The MPC’s rationale for keeping the rate steady is based on the assessment that accommodative monetary policy is necessary to support ongoing economic recovery. They believe that the effects of previous rate cuts are still being transmitted through the economy. The committee also highlighted concerns about the limited policy space available and emphasized the importance of the timing and effectiveness of monetary policy actions.
Key points
- Policy Rate: Maintained at 1.5% (5 votes in favor, 2 votes for 1.25%).
- Economic Outlook:
- Thai economy is projected to expand in 2025 and 2026, broadly in line with previous forecasts.
- Exports are showing signs of impact from US trade policies.
- Tourism and domestic demand have slowed but are expected to recover gradually.
- Headline inflation is forecast to be lower than previously anticipated, largely due to falling energy and raw food prices.
- Credit Conditions:
- Interest rates in the banking system and financial markets have decreased following earlier policy rate cuts.
- Overall credit growth remains contracted.

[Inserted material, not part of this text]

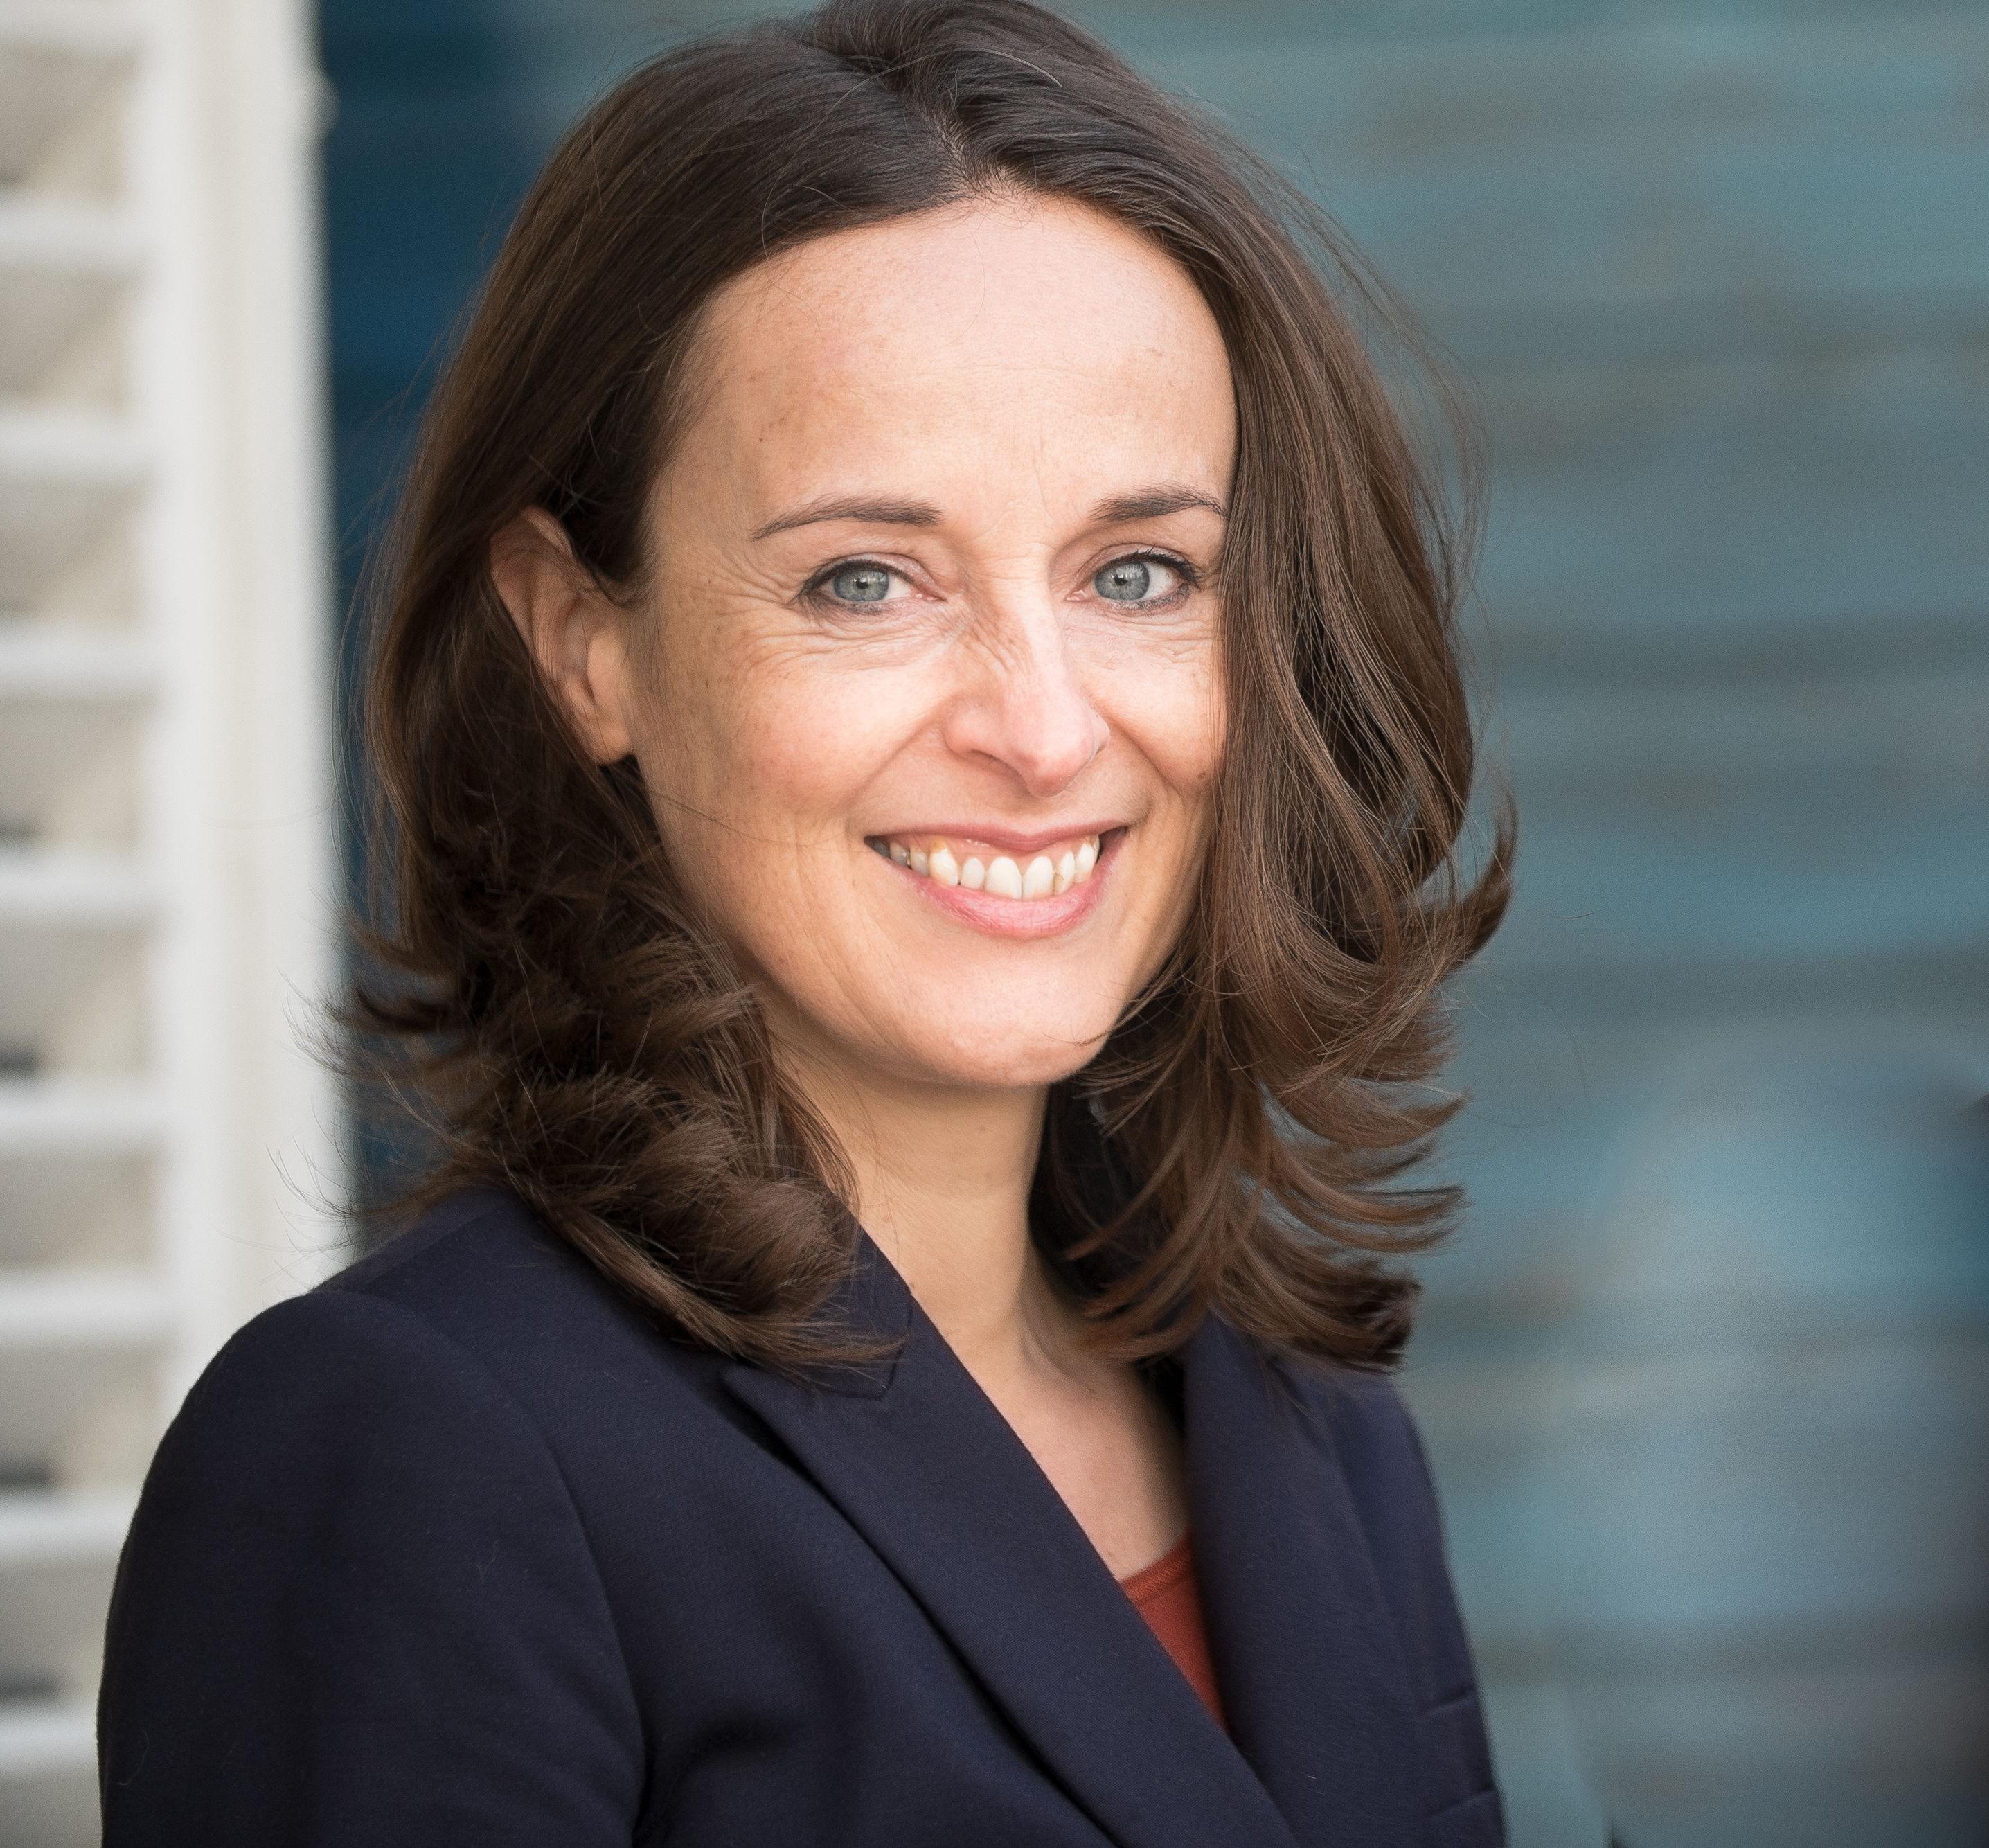 Dorothee Schäfer_Beteiligungsprozesse, Unternehmenstransformation_Partner von Lumar GmbH

This is attributed to weakened demand from large corporations amidst economic uncertainty, ongoing debt repayments, and cautious lending practices towards high-risk borrowers, particularly SMEs and low-income households.
Thailand’s economy to expand by 2.2% in 2025 and 1.6% in 2026.
The Thai economy is projected to grow by 2.2% in 2025 and 1.6% in 2026. The first half of 2025 saw growth, boosted by manufacturing and exports to the U.S. However, the latter half of 2025 and 2026 are expected to experience a slowdown due to the effects of U.S. trade policies. Tourism is predicted to recover gradually, and private consumption is expected to grow moderately with government stimulus. Electronic goods exports are anticipated to continue expanding. Key areas to monitor include the impact of U.S. tariffs, government budget disbursement, and SME adjustments to increased competition, credit access challenges, and higher financing costs.
Inflation zero
Inflation is expected to fall to 0.0-0.5% in 2025-2026, returning to target by early 2027, primarily due to supply-side factors such as lower global crude and food prices. Deflationary risks are low as most prices are stable or rising. Core inflation is projected at 0.9% for 2025-2026, with private sector expectations aligned with targets. The Committee will monitor price developments for deflationary risks.